The core of this process is the SFTTrainer. It internally handles the tokenization, batching, and the forward/backward passes, specifically optimizing for the next-token prediction objective. The peft_config allows us to use LoRA, which injects small, trainable matrices into specific layers of the pre-trained model. This drastically reduces the number of parameters we need to update, making fine-tuning feasible on consumer hardware and preventing catastrophic forgetting of the model’s original capabilities. The TrainingArguments control the optimization process: per_device_train_batch_size and gradient_accumulation_steps determine the effective batch size, learning_rate and num_train_epochs set the optimization schedule, and bf16=True enables mixed-precision training for speed and memory savings.

The mental model for SFT is simple: you show the model examples of the output format and style you want. If you want a summarization model, you feed it pairs of (long_text, summary). If you want a chatbot, you feed it (user_prompt, bot_response). The model learns to predict the next token in the desired output sequence, conditioning on the input prompt. It’s essentially learning a new "writing style" or "persona" based on the provided examples.
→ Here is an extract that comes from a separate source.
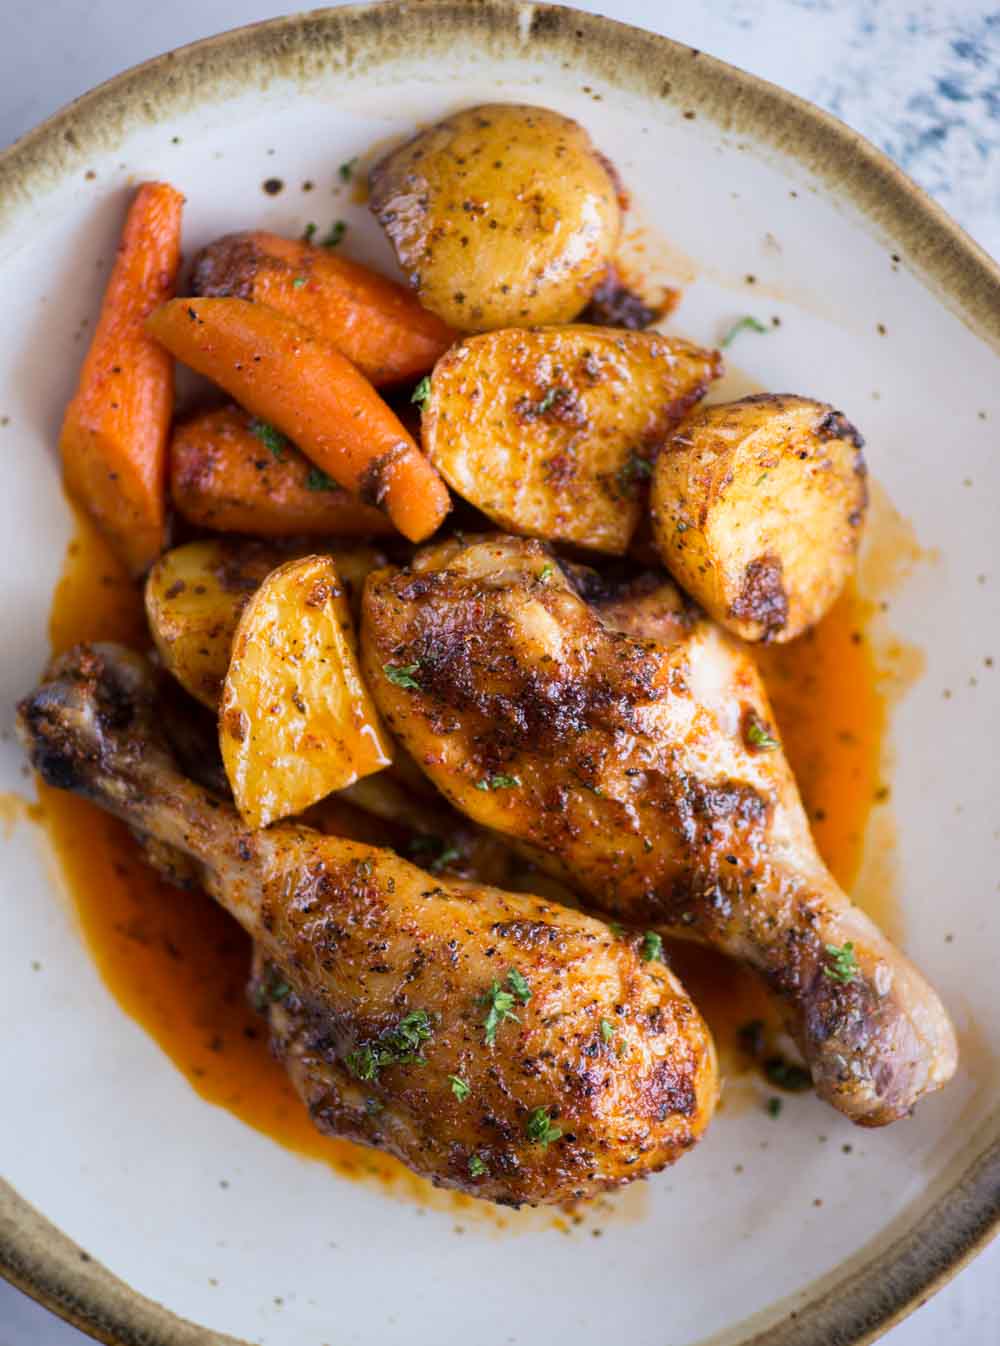 Chicken Legs And Vegetables - The of kitchen
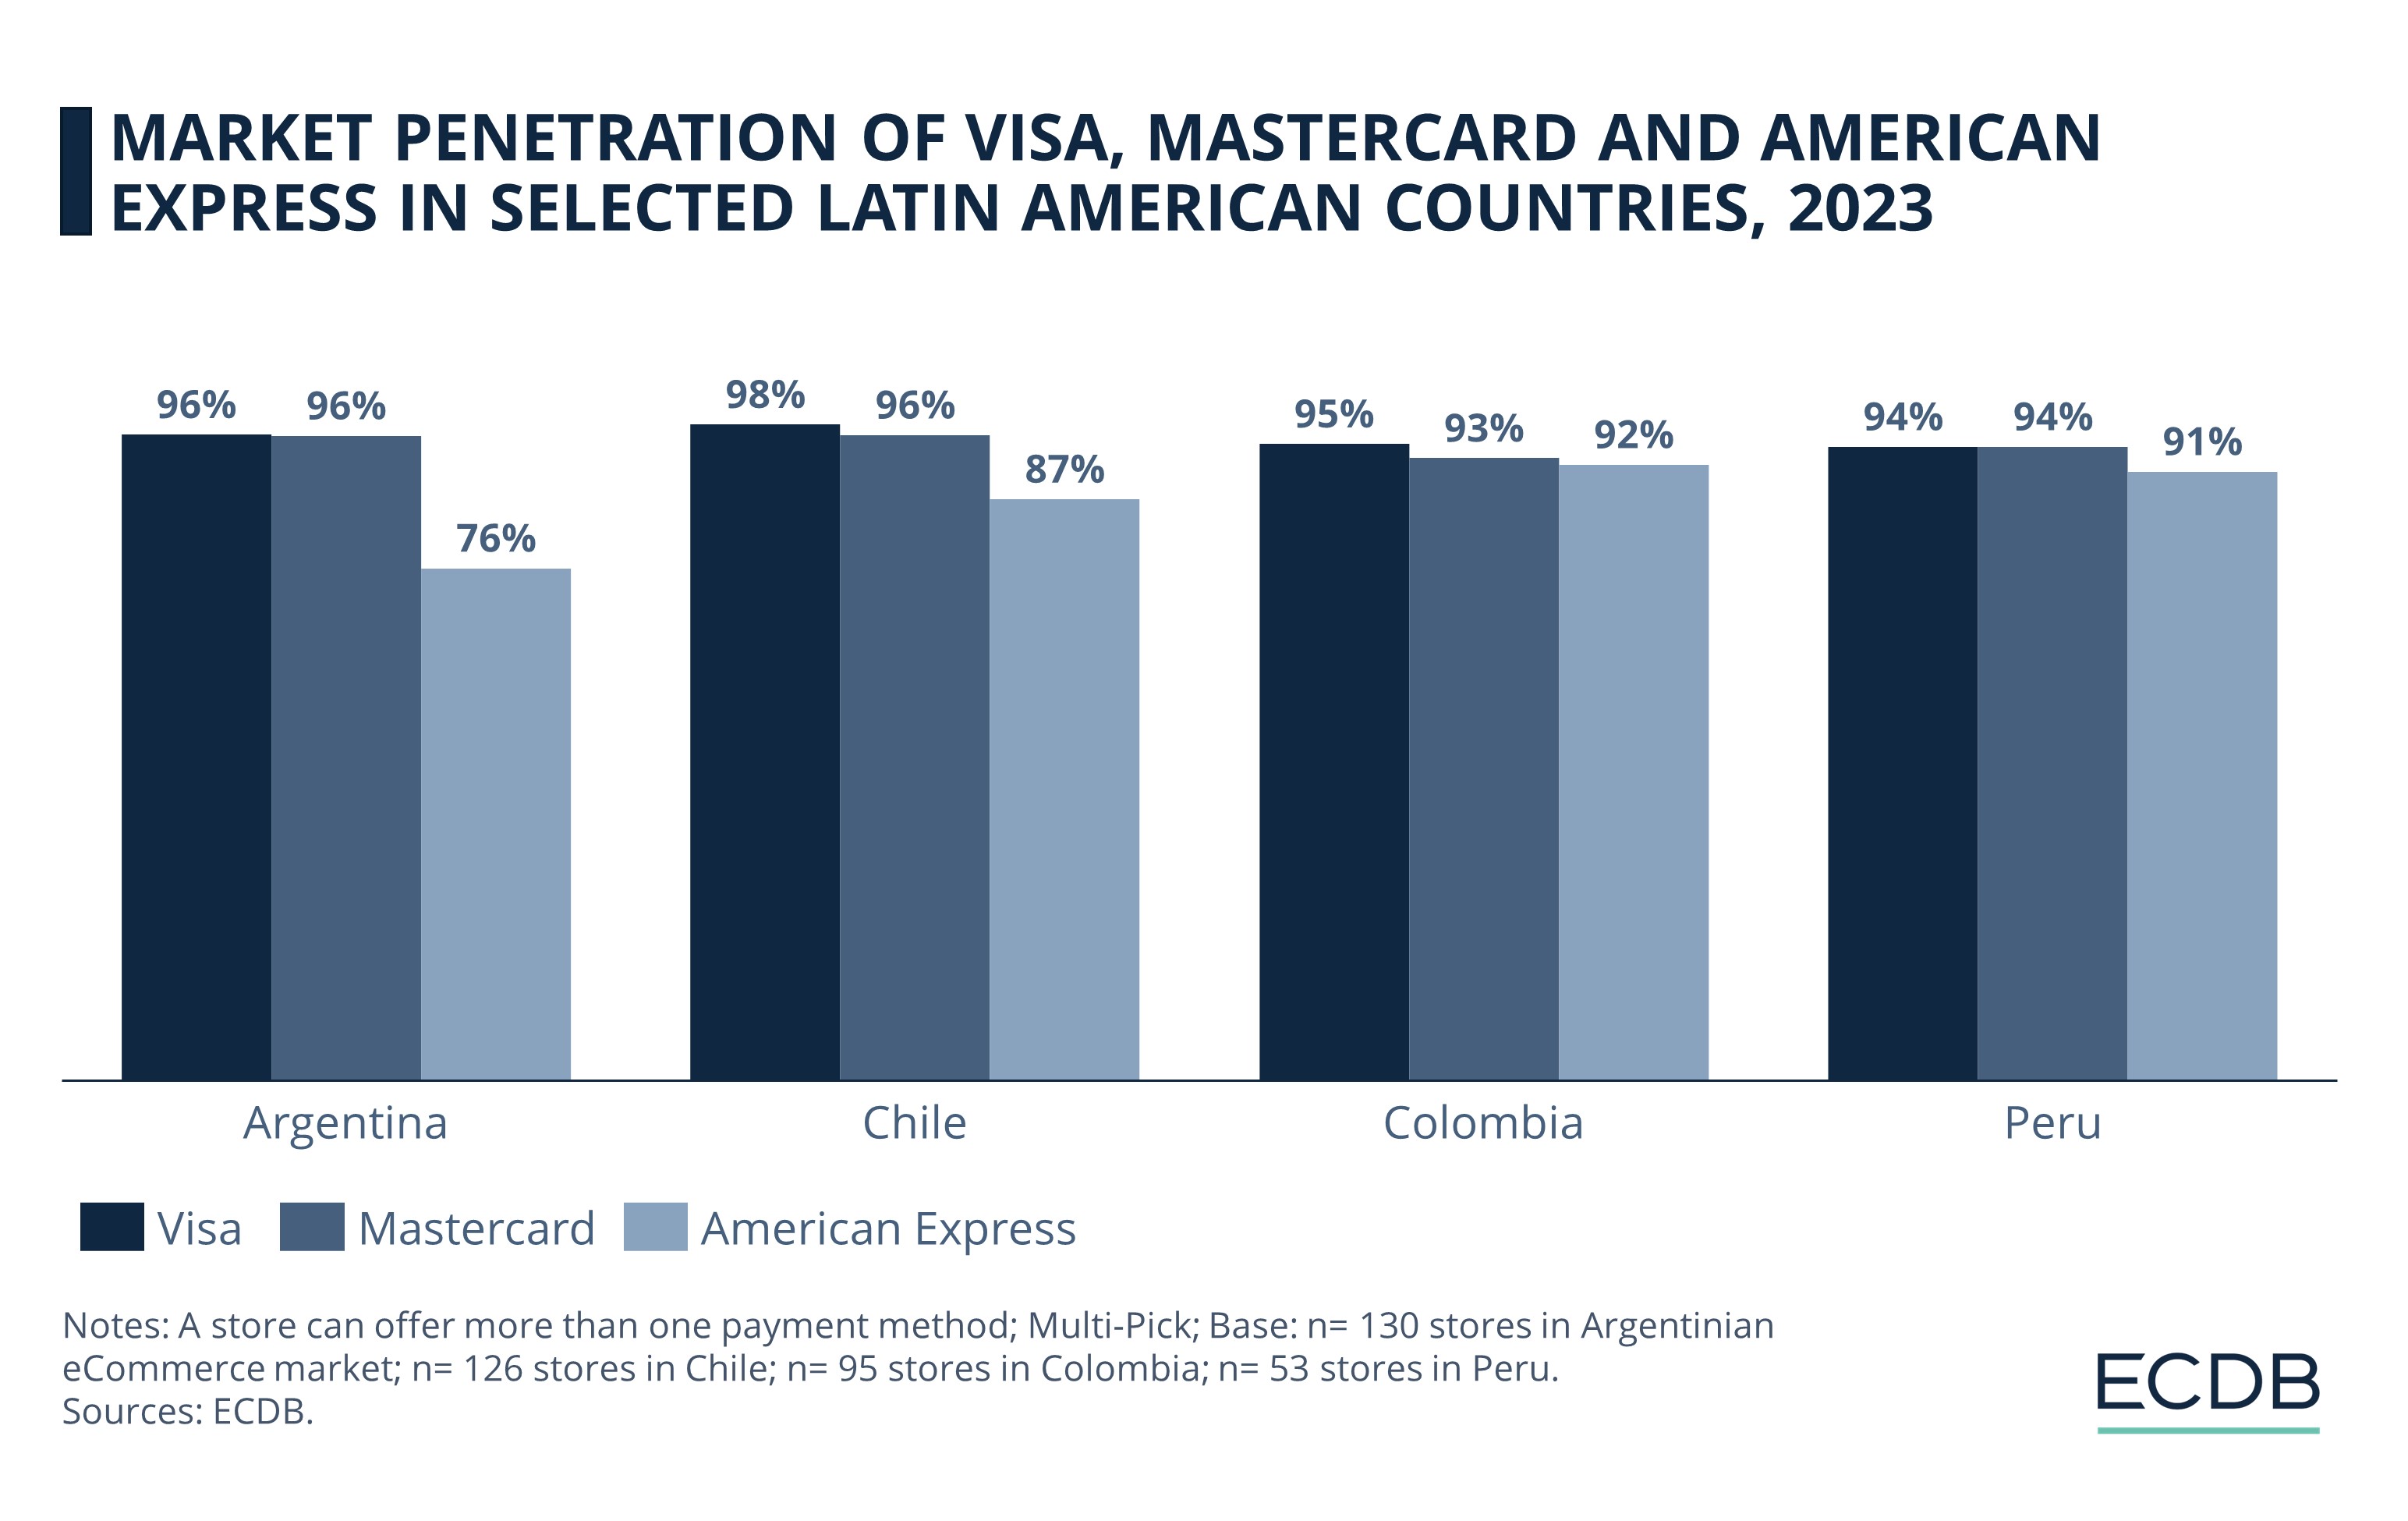 Market Penetration of Visa, Mastercard And American Express in Selected Latin American Countries, 2023

What most people don’t realize is that the quality and format of the input data are paramount. If your dataset consists of simple, repetitive instructions, the model will become very good at following those specific instructions and generating text in that specific style. However, if the underlying reasoning or knowledge required to perform those instructions isn’t sufficiently present or implicitly learned from the vast pre-training data, SFT alone won’t magically imbue it. It’s like teaching someone to perfectly mimic a famous orator’s cadence and tone without necessarily improving their original thoughts. The dataset_text_field is the crucial handle here; it’s the direct pipeline into what the model actually sees as the target output.

After successfully fine-tuning, the next hurdle is evaluating whether the model has actually improved on the desired task beyond just stylistic imitation, often leading to exploring Reinforcement Learning from Human Feedback (RLHF) or Direct Preference Optimization (DPO).